I am so happy. Yeah, I’ve got a current events paper I’ve got to write for MESA 201…but I can do that in like twenty minutes. Especially since the paper itself is not due, just the stuff that has to be peer critiqued. And really MESA 201 is like a flashback to high school, so it’s really not that hard.
As for Arabic homework…I’m trying hard not to think about it…was trying…dangit!
This is the main issue I had with this past week. Every time I thought I was free, some assignment or deadline that I’d forgotten would pop up and smack me across the head. Today, it was the Poli Sci 201 midterm (take home, open book). There was no other time except today (when it was due) that I could take it, so I ended up clocking out at work and doing it then. Freaking test probably cost me $30 to $40.

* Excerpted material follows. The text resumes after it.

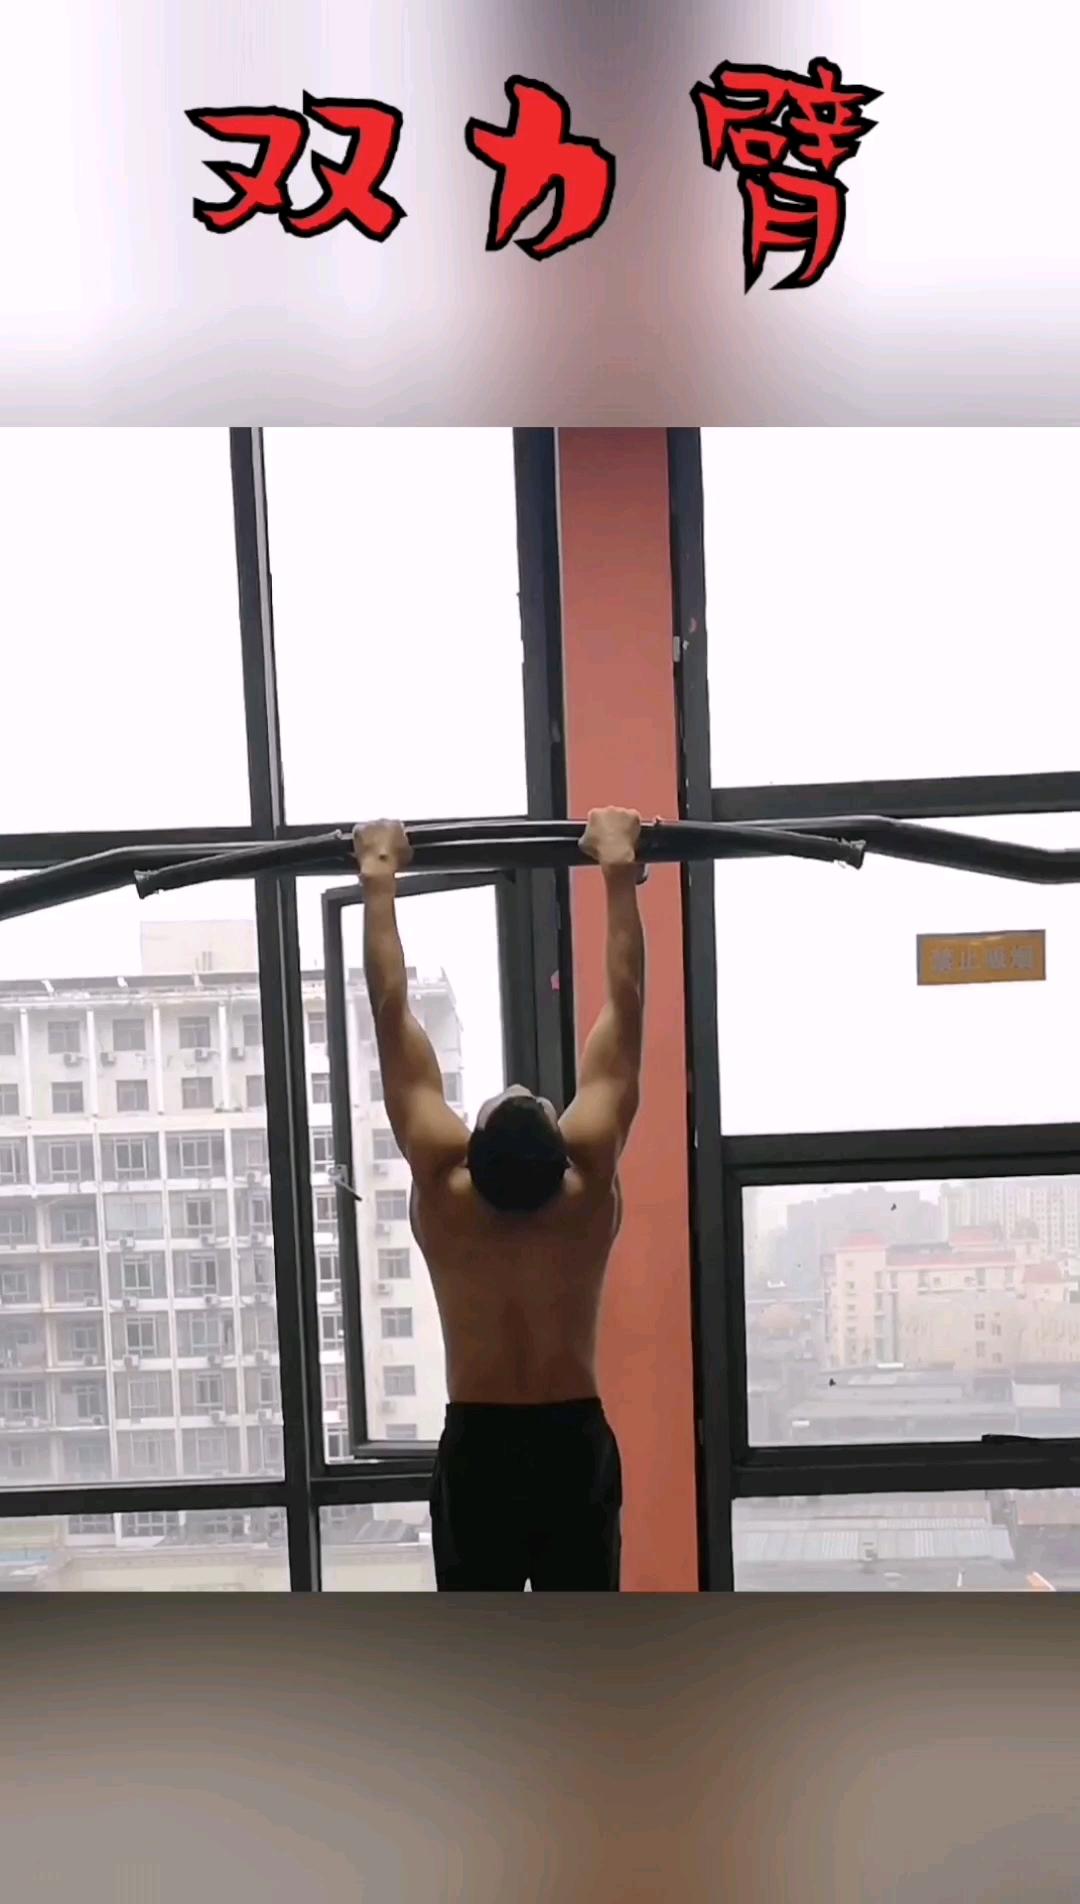 石家庄超越健身次卡_街头健身吧-百度贴吧--致力于发展街头健身文化,强健体魄--分享 ...

But this blog isn’t supposed to be about my frustrations with school, it’s supposed to be about my frustrations with writing. And other life stuff. So I’ll write about something else.
I’ve started to think about what I want to do after I get my bachelor’s degree(s?). Which is to say, I’m completely clueless at this point, but I’m trying to get a feel for my options. Yesterday there was an information session for the Masters of Public Policy program at BYU, and it looks interesting. I would like to go to grad school, and it looks like this program would take me in a direction I’d be interested in following.

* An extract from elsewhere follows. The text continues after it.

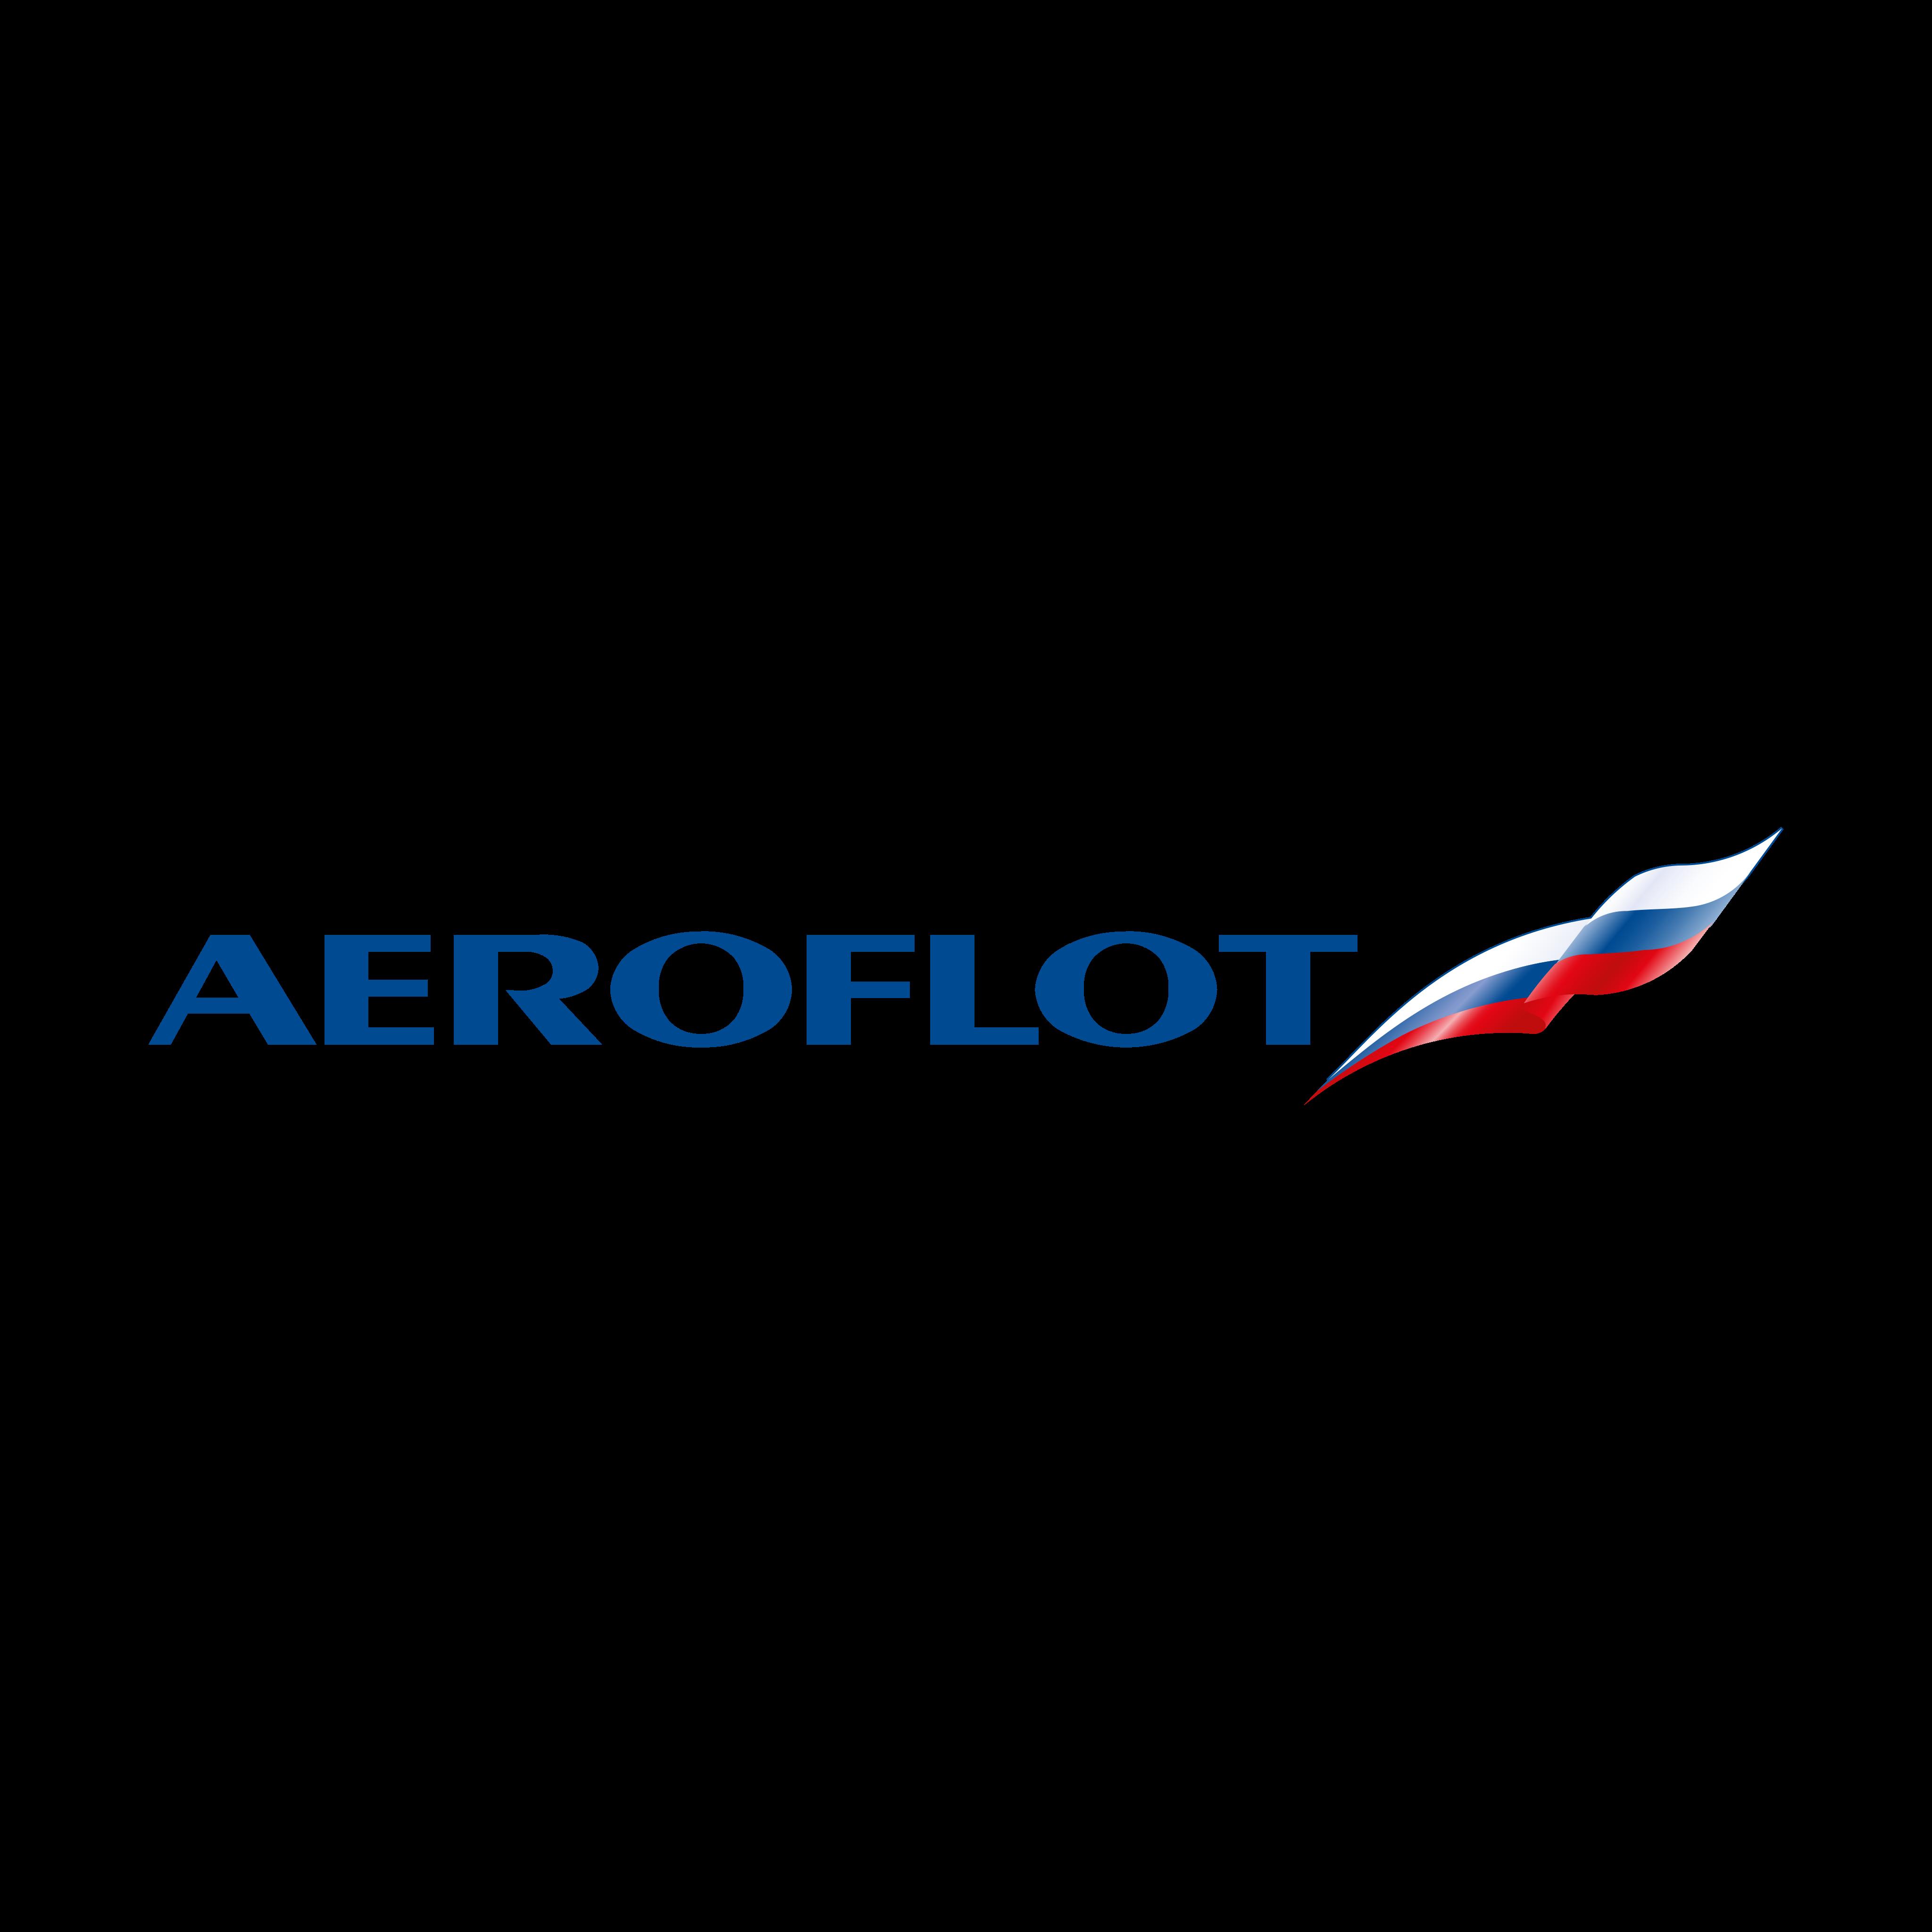 aeroflot logo 0 - Aeroflot Logo

Basically, the program prepares you to work as a policy/research analyst, which seems like an interesting skill set I could take to a non-profit / NGO / lobby group / think tank, which is a career path (or set of paths) that I find intriguing. I’ll bet I could find some real satisfaction putting my mind to work for a social cause that I really believe in.
But is this really what I want to do with my life? Do I want to spend 90% of my time working behind a computer at a desk, crunching statistics? And what about Arabic? How would I be able to use that? These are questions that need answering.
As for writing, the plan at this point is to do it on the side if/until it becomes lucrative enough for me to support myself and my family. In other words, for the next five-ten-fifteen years / forever, I’m going to be a mild-mannered man in a conventional (at least partially) career by day, and a super-power world-saving writer by night. Writing, at this point, is a given, a constant–I know what I’m doing as far as my writing career. I just don’t know if/when I’m going to make it my primary, so I have to make other plans like grad school / career path / whatever.
I guess that’s one thing I find reassuring about all of this: writing leaves me a means of escape from being pegged down in a boring career for the rest of my life. And my pursuit of a career feeds my writing by giving me new and exciting ideas and perspectives to bring into my writing. I’m glad I’m not studying English.
And…that’s about it for tonight. Holy cow I’m tired!